Bong’s rare talent at supplying a purely entertaining structure around which he tells a socially relevant story has been his approach to The Host, Snowpiercer, and Okja. Other filmmakers may reduce the meaning of their entertainments to subtext, but Bong interlinks text and scenario in inescapable, confronting ways that might have been more easily disguised by the science-fiction trappings of those earlier titles. Consider Parasite’s final scenes, where Ki-taek is literally confined to the lower depths of the Parks’ home, unable to leave both because of his station and the events of the film’s violent, shocking climax. Bong allows us to believe, albeit briefly, that Ki-woo might do the impossible: go to college, become a success, and find himself able to buy the Parks’ home to rescue his father. “All I need to do is earn money,” Ki-woo says in a letter, as if it were just that easy. But the sobering reality is that all the planning in the world won’t matter in a world designed to repress those of the Kim family’s class. Ki-taek admits earlier in the film, “I have no plan”—a sad admission that acknowledges how he can never control his life in the manner of the moneyed Parks. From this realization, Ki-taek’s despair propels the climactic moment, where Mr. Park’s crude statement (“You’re getting paid extra”) becomes the last straw. Bong avoids demonizing the rich, but he portrays them as cruelly unaware members of a society that rarely acknowledges the underclass.
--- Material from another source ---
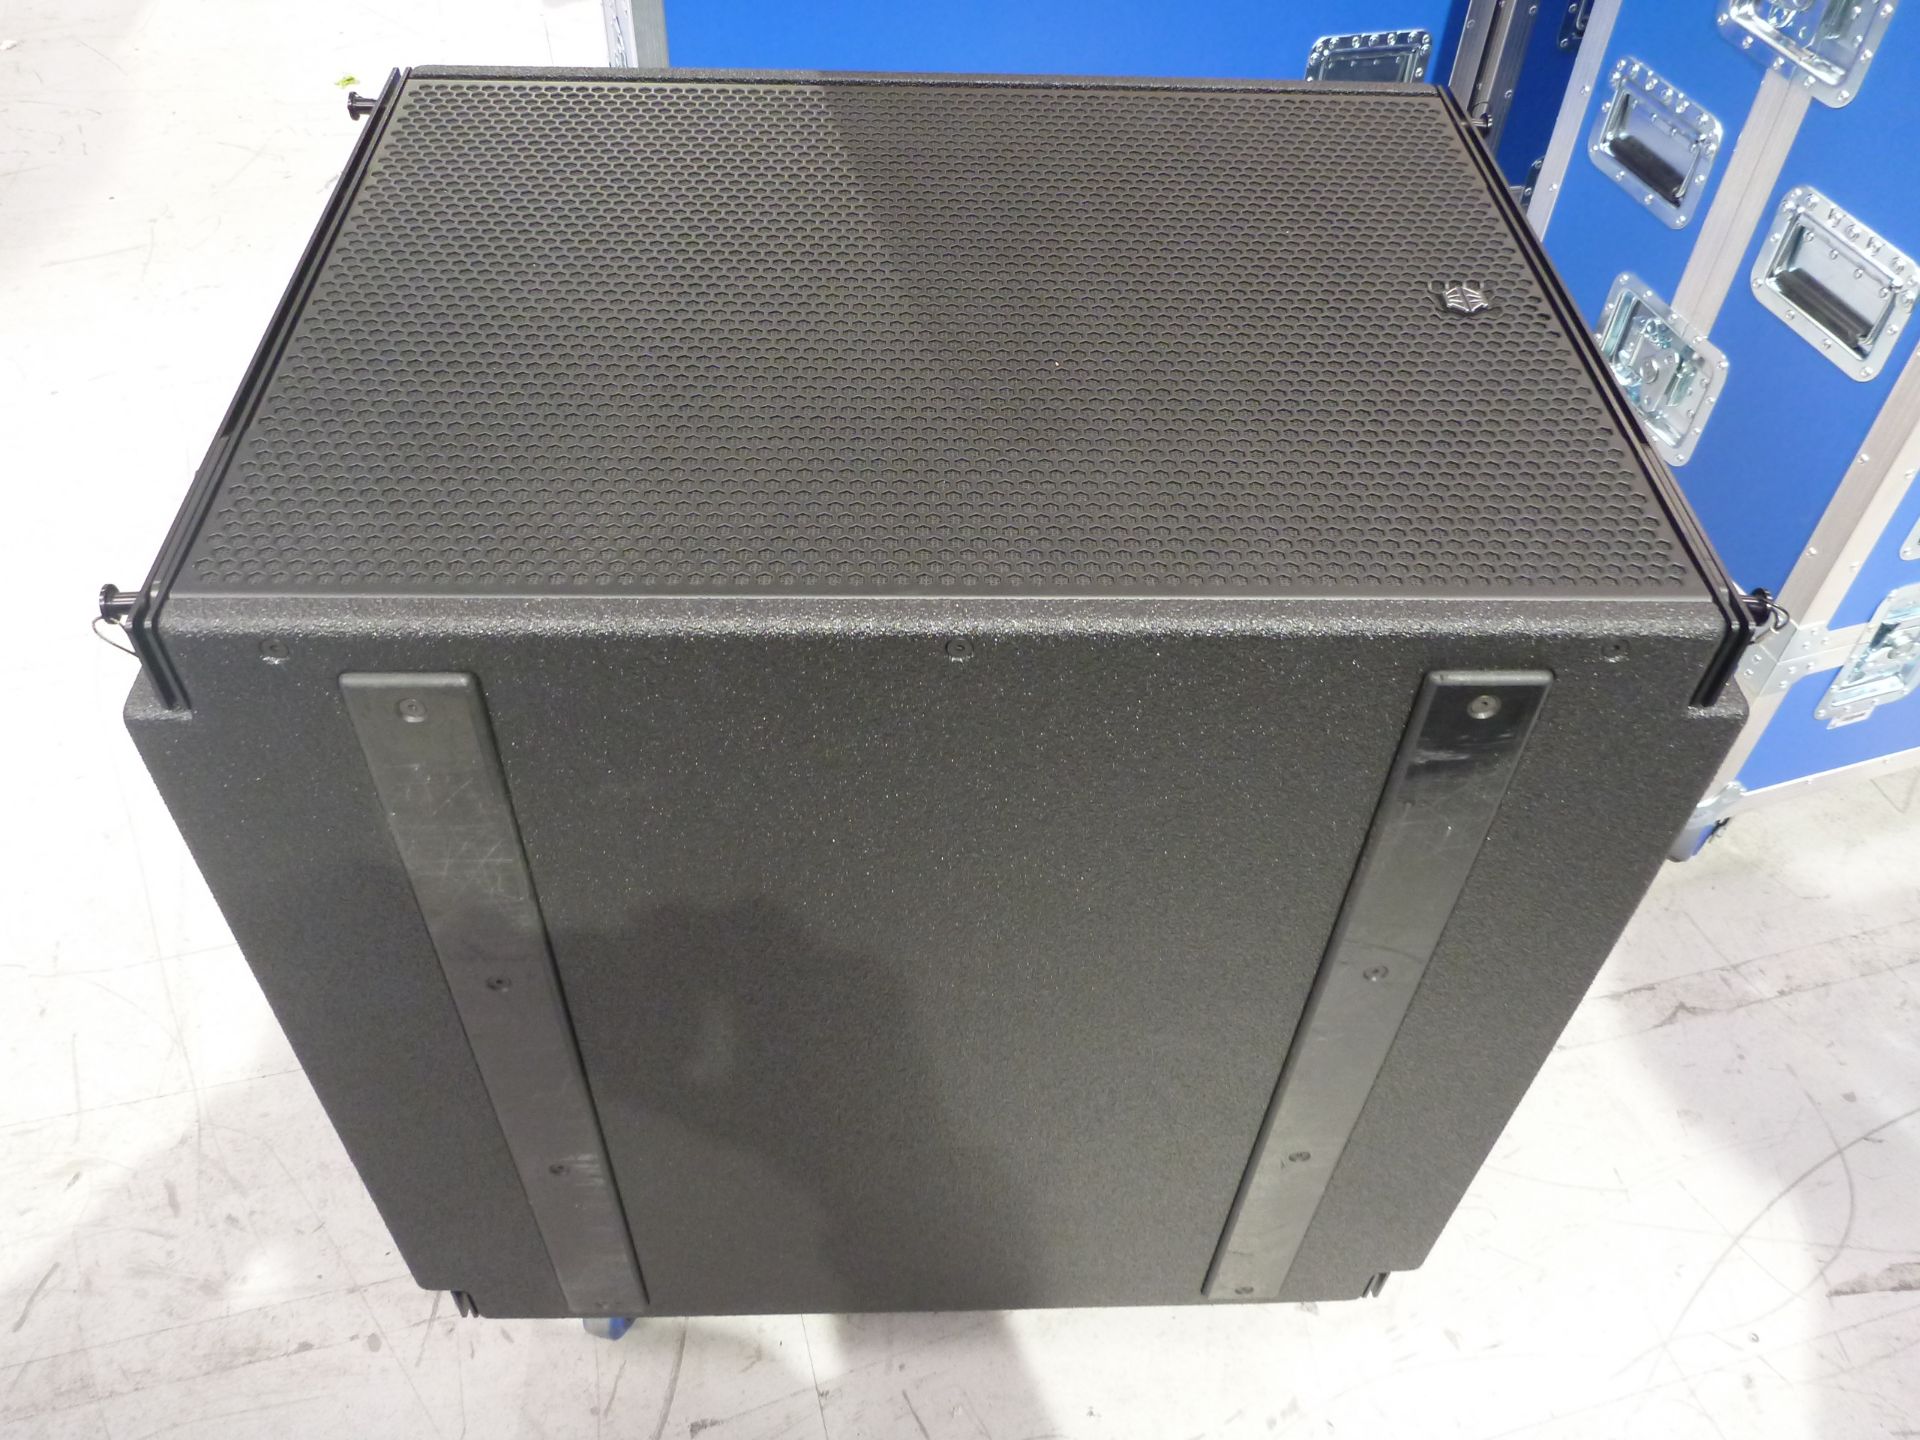 EM Acoustics ST-215 Dual 15" Flyable High Power Subwoofer, Includes padded cover, S/N ST2150819/020 - Image 6 of 7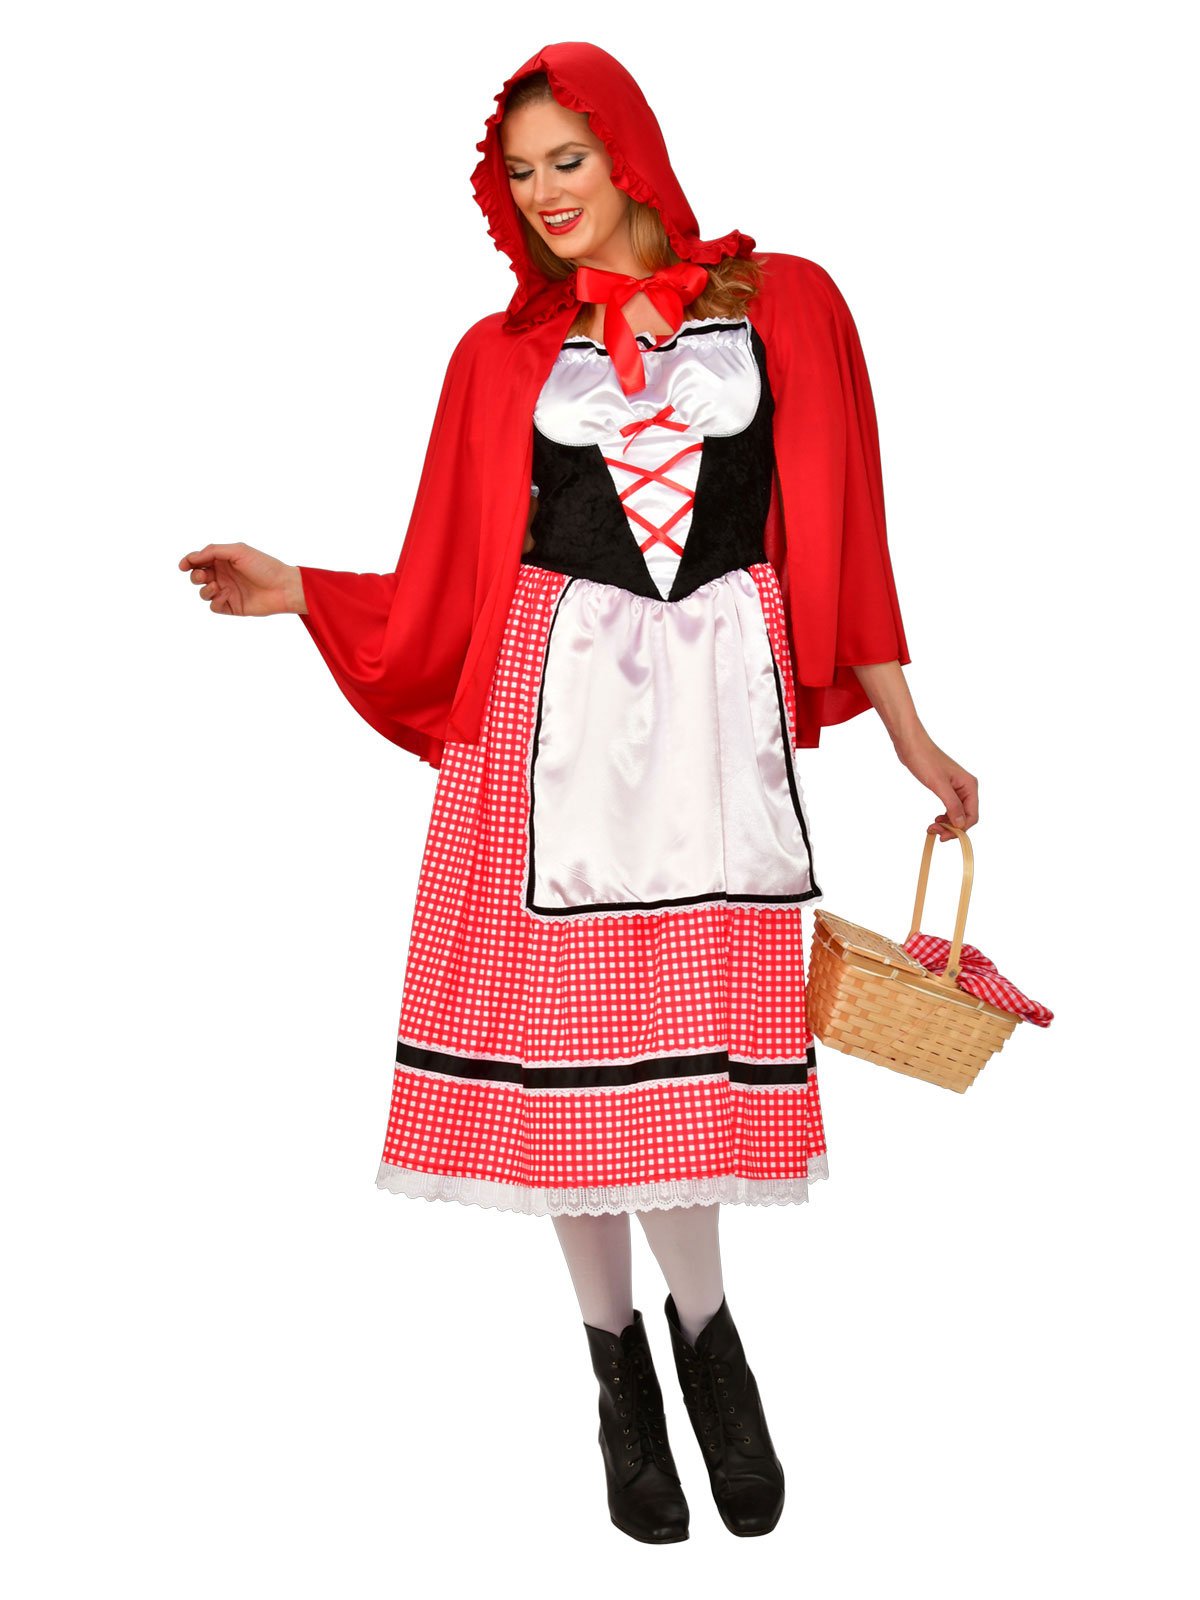 Costume Adult Red Riding Hood Large

Though Bong calls Parasite a “tragicomedy” and layers the material with lively humor and his signature tonal playfulness, it’s also his most furious and most fatalistic picture to date. But limiting this film to any genre definition defies the uniqueness of Bong’s filmmaking—at once laugh-out-loud funny and capable of inducing gasps, delightfully engaging yet unflinching in its social critique. Still, Parasite is Bong’s most compassionate and harrowing study of contemporary powerlessness. His other films have featured characters capable of improving their class conditions by some small, hopeful measure—the mourning father in The Host who adopts a homeless child; the escape from the train in Snowpiercer; the survival of the superpig in Okja. But the final moments here articulate Bong’s sense that the economic hierarchies that constitute the foundation of a capitalistic society will remain in place. Moreover, Bong’s other films have handled these themes in the context of genre-inflected worlds, elaborate and comparatively escapist, but with Parasite, he confronts our modern-day dystopia that, if portrayed in a film decades ago, might not look so different than a work of science-fiction. The deep passion he feels for his subject enriches every frame of this outstanding film, a work of stealth and vision marked by its melancholy and rage.